Livestockreview.com, Bisnis. Ternak berkaki empat atau istilahnya ruminansia (sapi, kambing, domba) menghasilkan gas metana yang keluar dari sendawa, kentut, dan kotoran hewan ternak. Para peneliti mengatakan, gas metana menyumbang 16 persen dari total efek pemanasan global. Potensi pemanasan global mencapai 28 hingga 36 kali lipat, yang berujung menghasilkan karbon dioksida.
Ketika dampak perubahan iklim semakin mengkhawatirkan, gerakan mengurangi makan daging menjadi gerakan yang populer. Para aktivis lingkungan mendesak masyarakat untuk mengurangi makan daging untuk menyelamatkan lingkungan. Beberapa aktivis bahkan telah menyerukan pemberlakuan pajak atas daging untuk mengurangi konsumsi daging.
Dalam hal ini, Organisasi Pangan dan Pertanian Perserikatan Bangsa-Bangsa (FAO) telah menerbitkan sebuah penelitian berjudul “Bayangan Panjang Peternakan (Livestock’s Long Shadow),” yang mendapat perhatian luas secara global. Disebutkan bahwa ternak memberikan kontribusi sebesar 18% emisi gas rumah kaca dunia. FAO menarik kesimpulan yang mengejutkan: Peternakan memberikan kontribusi yang lebih banyak dalam kerusakan lingkungan dibanding semua moda transportasi digabung. Hal itu mendorong setiap negara untuk memiliki kebijakan yang focus pada masalah degradasi lahan, perubahan iklim dan polusi udara, kekurangan air dan polusinya, serta berkurangnya biodiversitas.
Memperhatikan permasalahan tersebut, dan mempertimbangkan pentingnya peternakan bagi penghidupan masyarakat di tingkat lokal, nasional, maupun global, serta mengingat perannya dalam aspek sosial, ekonomi dan ketahanan pangan, maka kalangan masyarakat peternakan harus secara jeli dan berhati-hati mengambil sikap terkait kondisi ini. Terlebih, skala masalah akibat sektor peternakan di Indonesia mungkin tidak semasif permasalahan di negara-negara yang sektor peternakannya jauh lebih besar dan maju.
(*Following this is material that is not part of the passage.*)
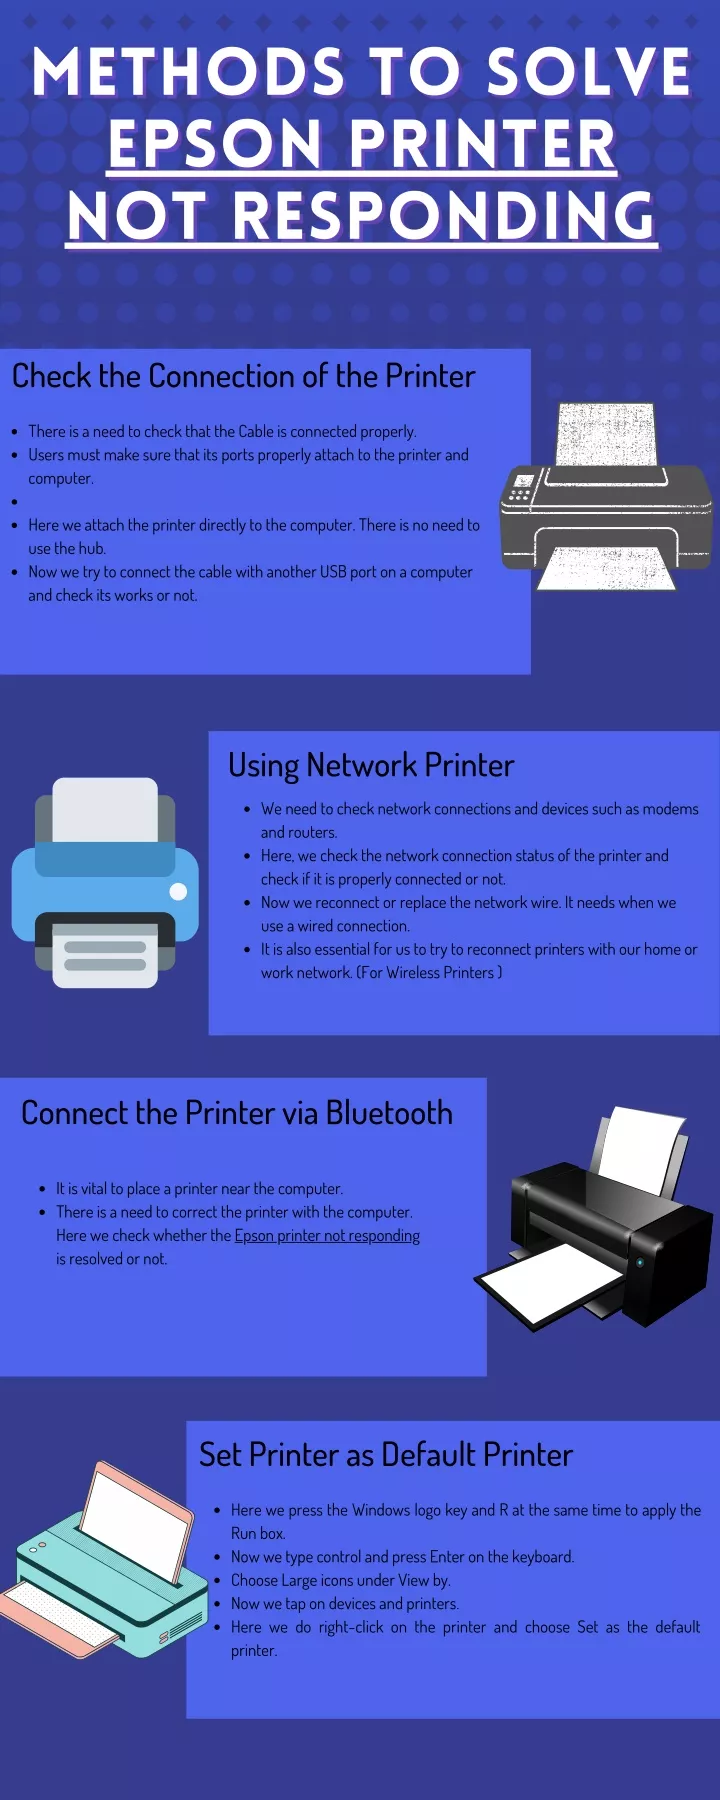 methods to solve methods to solve epson printer

Atas hal itu, Ikatan Sarjana PEternakan Indonesia (ISPI) sebagai organisasi yang menaungi para sarjana peternakan, memiliki kewajiban dalam mengembangkan ilmu pengetahuan sebagai basis utama dalam kegiatan peternakan, baik itu dalam kebijakan ataupun usaha komersil. Bekerja sama dengan Northern Territory Cattlemen’s Association (NTCA) dan Red Meat and Cattle Partnership, ISPI menyelenggarakan Seminar tentang dampak peternakan sapi bagi lingkungan di Jakarta pada 27 Januari 2020. Hadir dalam acara itu para narasumber: Pebi Purwosuseno yang mewakili Ditjen PKH, Dr Panjono, IPM (Fapet UGM), CEO NTCA Ashley Manicaroos, Kieran Mc Cooskee d(Department Primary Industry, Northern Teritorry Government) dan M Pribadie Nugraha dari Meat & Livestock Australia (MLA).
Suistain and suistainability adalah merupakan wajah peternakan Indonesia di masa depan, oleh karena itu diskusi–diskusi seperti hari ini yang kemudian ditindaklanjuti dalam penelitian serta implentasi lapangan adalah tugas sarjana peternakan. Pebi Purwosuseno selaku perwakilan Dirjen PKH Kementan mengatakan bahwa sektor peternakan muncul sebagai salah satu kontributor bagi masalah lingkungan. Temuan ini mendorong setiap negara untuk memiliki kebijakan yang fokus pada masalah degradasi lahan, perubahan iklim dan polusi udara, kekurangan air dan polusinya, serta berkurangnya biodiversitas.
Memperhatikan permasalahan tersebut, lanjut Pebi, perlu mempertimbangkan pula pentingnya peternakan bagi penghidupan masyarakat di tingkat lokal, nasional, maupun global, serta mengingat perannya dalam aspek sosial, ekonomi dan ketahanan pangan, maka kita harus secara jeli dan berhati-hati mengambil sikap terkait kondisi ini. Terlebih, skala masalah akibat sektor peternakan di Indonesia mungkin tidak semasif permasalahan di negara-negara yang sektor peternakannya jauh lebih besar dan maju.
“Terwujudnya produk peternakan Indonesia yang berdaya saing dan berkelanjutan, dan ini telah secara eksplisit diterjemahkan ke dalam startegi utama yang selalu mengedepankan konsep keberlanjutan dalam langkah-langkah operasionalnya,” kata Pebi.